Note that the process in response to the subsequent load request B has begun in parallel with the process in response to the above-described load request A. Specifically, in the m+1 stage which is the second stage of the load request A, the tag address is read out from the tag memory 11 as the process in the first stage of the load request B. In other words, when the tag address in the load request B is read out, the update of the tag memory 11 in response to the miss hit of the preceding load request A has not completed. In the second stage of the load request B (m+2 stage), the hit decision is made about the load request B. This hit decision is however performed without reflecting the update result of the tag memory 11 in response to the miss hit of the preceding load request A.


However, the hit decision of the load request B which is performed again in the second cycle of the m+2 stage (C4 cycle) in which the pipeline behavior is stalled is made using the new tag address given to the address latch 20 by bypassing the tag memory 11.


As stated above, according to the cache memory 1 of the present embodiment, it is possible to reflect the update result of the tag memory 11 due to the occurrence of the miss hit in a preceding memory access request on the hit decision in a subsequent memory access request even when the miss hit occurs in the preceding memory access request. Therefore, it is possible to prevent an incorrect decision when the hit decision is made in response to the subsequent memory access request, to suppress an unwanted data refill behavior, and to avoid outputting the incorrect data from the data memory 10.


Moreover, as shown in FIG. 3, in the cache memory 1, even when the miss hit occurs in the preceding memory access request, there is no need to retry the process of the subsequent memory access request again from the process of reading out of the tag memory 11. Therefore, a redundant hardware is not needed for performing the process again from the process of reading out of the tag memory 11. In addition, it is possible to prevent cache access time of the subsequent memory access request from being increased because there is no need to retry the process of reading out of the tag memory 11.


Moreover, the cache memory 1 is effective in a point below. FIG. 4 is a timing chart showing a case in which a direct store request and the load request are successively performed. In the direct store request, the processor 2 writes the data directly to the main memory 3 without involving the cache memory 1. The load request is made for the cache memory 1, as will be clear from the above description. The pipeline of the direct store request shown in the part (b) of FIG. 4 is the pipeline of the processor 2 and the pipeline of the load request shown in the part (c) of FIG. 4 is the pipeline of the cache memory 1.


The direct store request shown in the part (b) of FIG. 4 is performed in a six-stage pipeline from an IF stage (C1 cycle) to an EXE stage (C6 cycle) in the processor 2. More specifically, in the IF stage (C1 cycle), an instruction is taken from an instruction cache.
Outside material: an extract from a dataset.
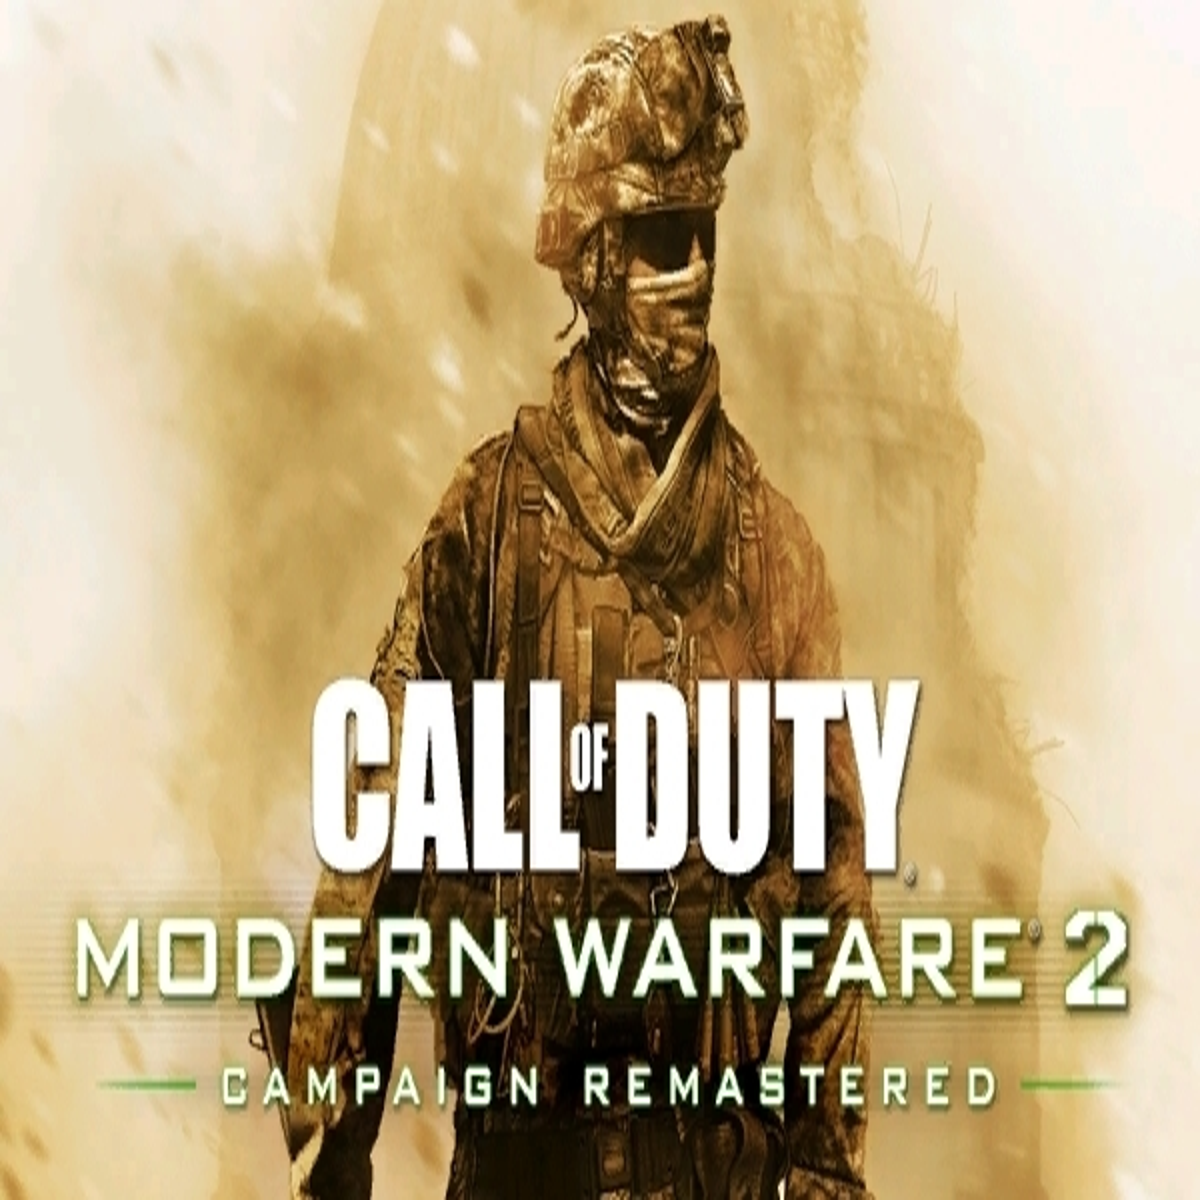 Call of Duty: Modern Warfare 2's remastered campaign is out now - Polygon

In an ID stage (C2 cycle), the fetched instruction is decoded. In an ADR stage (C3 cycle), a calculation of an effective address is performed. In the EXE stage (C6 cycle), the data is written into the main memory 3. When the data is written into the main memory 3, it is more common to write the data first into a store buffer (not shown) than to write the data directly to the main memory 3 for the purpose of preventing the processor 2 being stalled due to a speed difference between a bus speed of the memory bus 6 and a processing speed of the processor 2. When the data is written first to the store buffer, only the outputting of the data to the store buffer is performed in the EXE stage (C6 cycle). The data is written to the main memory 3 in C7 cycle or in a later cycle which comes after the EXE stage.


As stated above, when an actual access to the main memory 3 is made by the direct store request in the C7 cycle or in the later cycle, the data is still in the middle of being written into the store buffer in the C6 cycle and the access request made by the store buffer has not output to the memory bus 6 yet. Therefore, if the access request by the cache memory 1 in which the miss hit is detected is made first in the C6 cycle in FIG. 4, the data is read out first from the main memory 3 due to the miss hit because there is no competing access request and the access to the memory bus 6 by the previous store instruction (direct store access) is performed later. If both the direct store request and the load request are made for the same address, a program cannot normally be performed any more because the process order has been interchanged.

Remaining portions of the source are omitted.